For getting a feeling of the range of our beacon, we sent an XBEE Pro 868 into near space and tracked the distance with a matching patch antenna. We achieved a distance of 66 km and it was only stoped by the small hills in our close vicinity that was blocking the view.

So 868 MHz is our baseline for the REXUS sounding rocket tracking going even further and of course way higher/faster. For other regions of the world we will take 433 MHz or the 900 MHz bands according to the International Telecommunication Union (ITU).

Below you will see the result of our "spaceballoon" experiments in phase 1.

And of course we also needed to find the spaceballoon again, because we had spare space left and offerd a PhD team of the University of Bremen a hitchhike to do their stratospheric infrared experiment. Collaboration is always great!

The next step will be the selection of better antennas by comparing different kinds of antennas.

PHASE2: Muir Woods Hiking (planned)

Next will be to be a close range test on ground simulating a hiker during a trail in an mountanious area. In case he breaks his leg and needs help, the stations shall track the beacon within in an 10km x 10 km area. This is basically a "foxhunt" to track the beacon signal during it's run.

It doesn't need to be in Muir Wood, but we plan to be in San Francisco for the Google Summer of Code 2017 in Autum anyway, so we are happy to combine a visit to this gorgeous area with a test. We just like camping, hiking and being outide.

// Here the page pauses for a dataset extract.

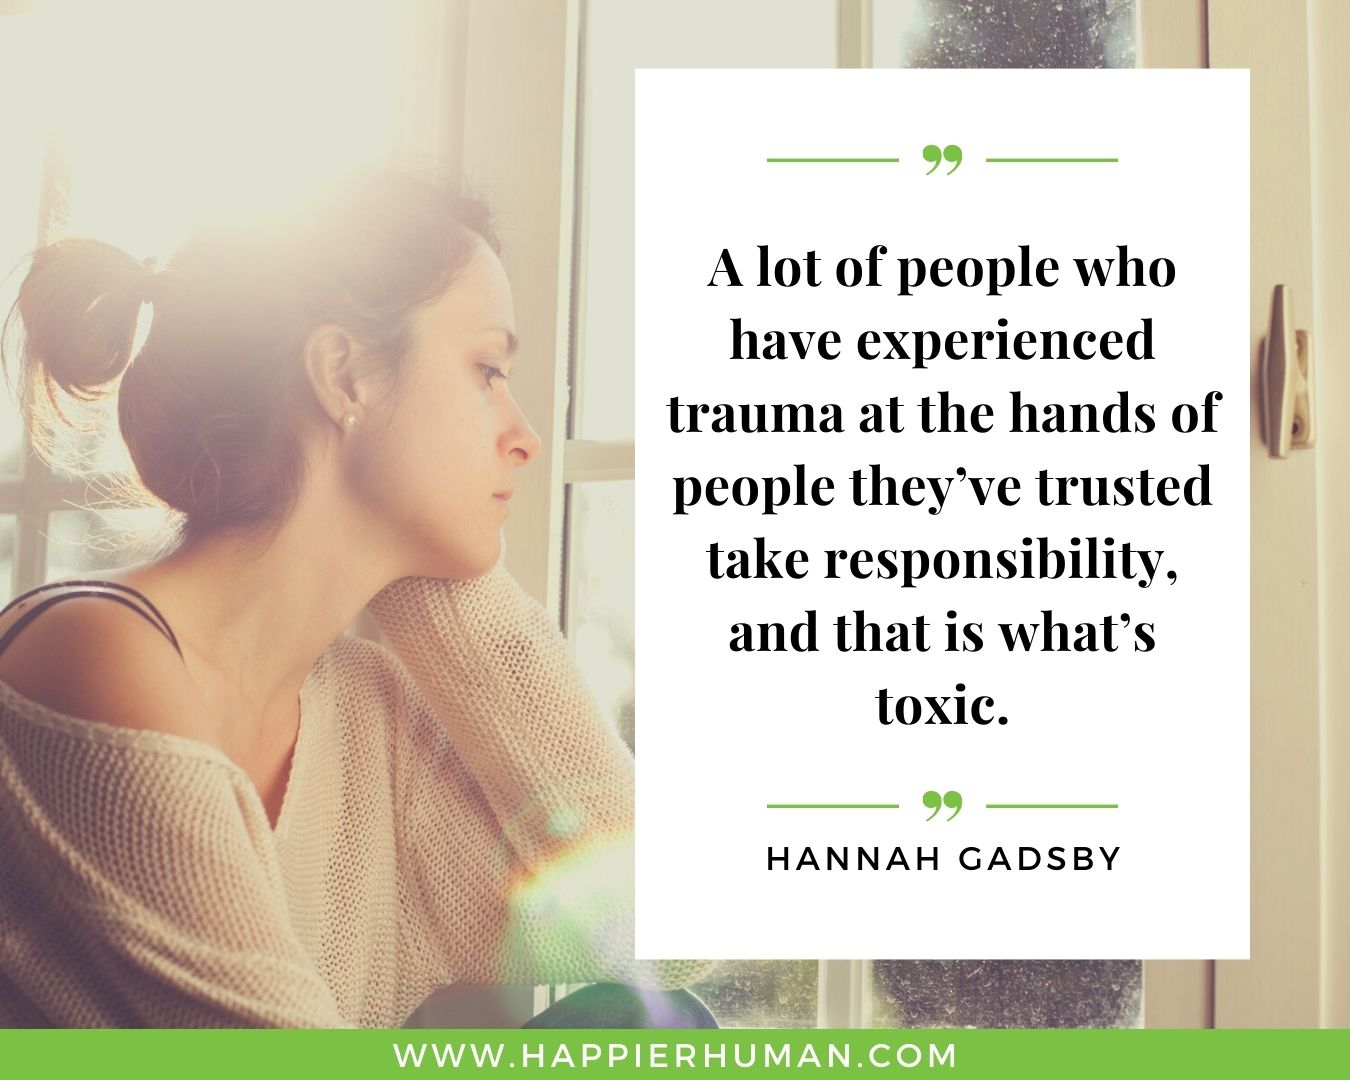 Toxic People Quotes - “A lot of people who have experienced trauma at the hands of people they’ve trusted take responsibility, and that is what’s toxic.” – Hannah Gadsby

PHASE3: REXUS tracking and finding ROACH (under preparation)

Yes, this it really no joke. We are part of the ROACH experiment onboard a REXUS sounding rocket and sometimes the experiments get lot in the tundra in Northern Sweden (it's pretty north, they have aurora borealis lights!!!).

Friends of us from Strathclyde University needed to find their experiment and they found it a year later. For ROACH, roach we want to take care they alway know where their little rover is, so we offered help to track them. This is a lucky coincidence that we can test our system under these circumstances. How awesome is it to shot something to space and drap it back to earth to find it while being so fast, so high and so hot!

Help us tackle this challenge! We want to find out, if our system can do that. This is why all those experiments are so important for us!

This will also be the most expensive part of the experiment. At least 7 station to record the data, because there is only ONE chance to record the launch! We cannot rely on cellphone coverage, but we want to have mobile internet at each station to get the data and housekeeping data faster. And it will be cold weather, -20degC and lower, in March 2018. It will be a great challenge.